TRY IT: Below are some entries. Repeat exactly the lines from the one with "photo Clicknprint.ca" through the one with "- No.13 in B", and only those.

LISTED RECORDS:
[Start of Attachment]

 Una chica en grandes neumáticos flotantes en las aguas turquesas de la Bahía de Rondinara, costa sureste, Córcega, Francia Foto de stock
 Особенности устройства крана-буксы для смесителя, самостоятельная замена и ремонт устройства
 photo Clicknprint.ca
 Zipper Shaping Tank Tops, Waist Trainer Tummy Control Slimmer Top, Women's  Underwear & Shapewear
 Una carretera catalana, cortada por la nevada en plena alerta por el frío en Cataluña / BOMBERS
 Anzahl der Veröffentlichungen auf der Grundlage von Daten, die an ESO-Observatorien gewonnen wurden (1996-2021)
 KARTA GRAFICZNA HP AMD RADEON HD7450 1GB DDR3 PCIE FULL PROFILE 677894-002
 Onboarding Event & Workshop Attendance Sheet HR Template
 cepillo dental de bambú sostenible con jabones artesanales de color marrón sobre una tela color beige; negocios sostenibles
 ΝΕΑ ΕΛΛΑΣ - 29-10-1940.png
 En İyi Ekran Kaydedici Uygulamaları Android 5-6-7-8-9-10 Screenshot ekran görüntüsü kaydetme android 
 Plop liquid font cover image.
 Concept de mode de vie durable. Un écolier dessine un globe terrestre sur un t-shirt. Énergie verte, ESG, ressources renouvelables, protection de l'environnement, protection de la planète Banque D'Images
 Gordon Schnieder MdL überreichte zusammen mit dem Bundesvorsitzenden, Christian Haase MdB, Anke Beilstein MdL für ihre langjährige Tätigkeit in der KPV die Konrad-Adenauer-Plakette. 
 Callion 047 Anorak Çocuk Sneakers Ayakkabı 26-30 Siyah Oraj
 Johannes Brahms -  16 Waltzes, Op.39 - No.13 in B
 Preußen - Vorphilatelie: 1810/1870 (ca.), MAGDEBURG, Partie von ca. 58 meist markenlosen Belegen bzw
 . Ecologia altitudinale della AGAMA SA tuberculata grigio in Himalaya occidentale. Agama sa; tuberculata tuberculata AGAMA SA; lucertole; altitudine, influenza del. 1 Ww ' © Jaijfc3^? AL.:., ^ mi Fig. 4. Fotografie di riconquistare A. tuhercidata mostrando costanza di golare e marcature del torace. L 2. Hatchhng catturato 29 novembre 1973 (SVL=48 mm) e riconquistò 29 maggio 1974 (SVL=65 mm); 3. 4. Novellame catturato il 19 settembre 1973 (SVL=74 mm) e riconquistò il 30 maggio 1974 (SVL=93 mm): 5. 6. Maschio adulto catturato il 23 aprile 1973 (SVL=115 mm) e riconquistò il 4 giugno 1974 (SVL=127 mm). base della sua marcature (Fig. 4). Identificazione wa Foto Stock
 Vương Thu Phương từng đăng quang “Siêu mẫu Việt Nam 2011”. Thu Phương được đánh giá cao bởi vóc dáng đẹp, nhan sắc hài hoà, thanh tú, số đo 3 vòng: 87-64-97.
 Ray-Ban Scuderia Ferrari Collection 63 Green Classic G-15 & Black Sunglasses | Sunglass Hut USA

[End of Attachment]

TASK ANSWER:
 photo Clicknprint.ca
 Zipper Shaping Tank Tops, Waist Trainer Tummy Control Slimmer Top, Women's  Underwear & Shapewear
 Una carretera catalana, cortada por la nevada en plena alerta por el frío en Cataluña / BOMBERS
 Anzahl der Veröffentlichungen auf der Grundlage von Daten, die an ESO-Observatorien gewonnen wurden (1996-2021)
 KARTA GRAFICZNA HP AMD RADEON HD7450 1GB DDR3 PCIE FULL PROFILE 677894-002
 Onboarding Event & Workshop Attendance Sheet HR Template
 cepillo dental de bambú sostenible con jabones artesanales de color marrón sobre una tela color beige; negocios sostenibles
 ΝΕΑ ΕΛΛΑΣ - 29-10-1940.png
 En İyi Ekran Kaydedici Uygulamaları Android 5-6-7-8-9-10 Screenshot ekran görüntüsü kaydetme android 
 Plop liquid font cover image.
 Concept de mode de vie durable. Un écolier dessine un globe terrestre sur un t-shirt. Énergie verte, ESG, ressources renouvelables, protection de l'environnement, protection de la planète Banque D'Images
 Gordon Schnieder MdL überreichte zusammen mit dem Bundesvorsitzenden, Christian Haase MdB, Anke Beilstein MdL für ihre langjährige Tätigkeit in der KPV die Konrad-Adenauer-Plakette. 
 Callion 047 Anorak Çocuk Sneakers Ayakkabı 26-30 Siyah Oraj
 Johannes Brahms -  16 Waltzes, Op.39 - No.13 in B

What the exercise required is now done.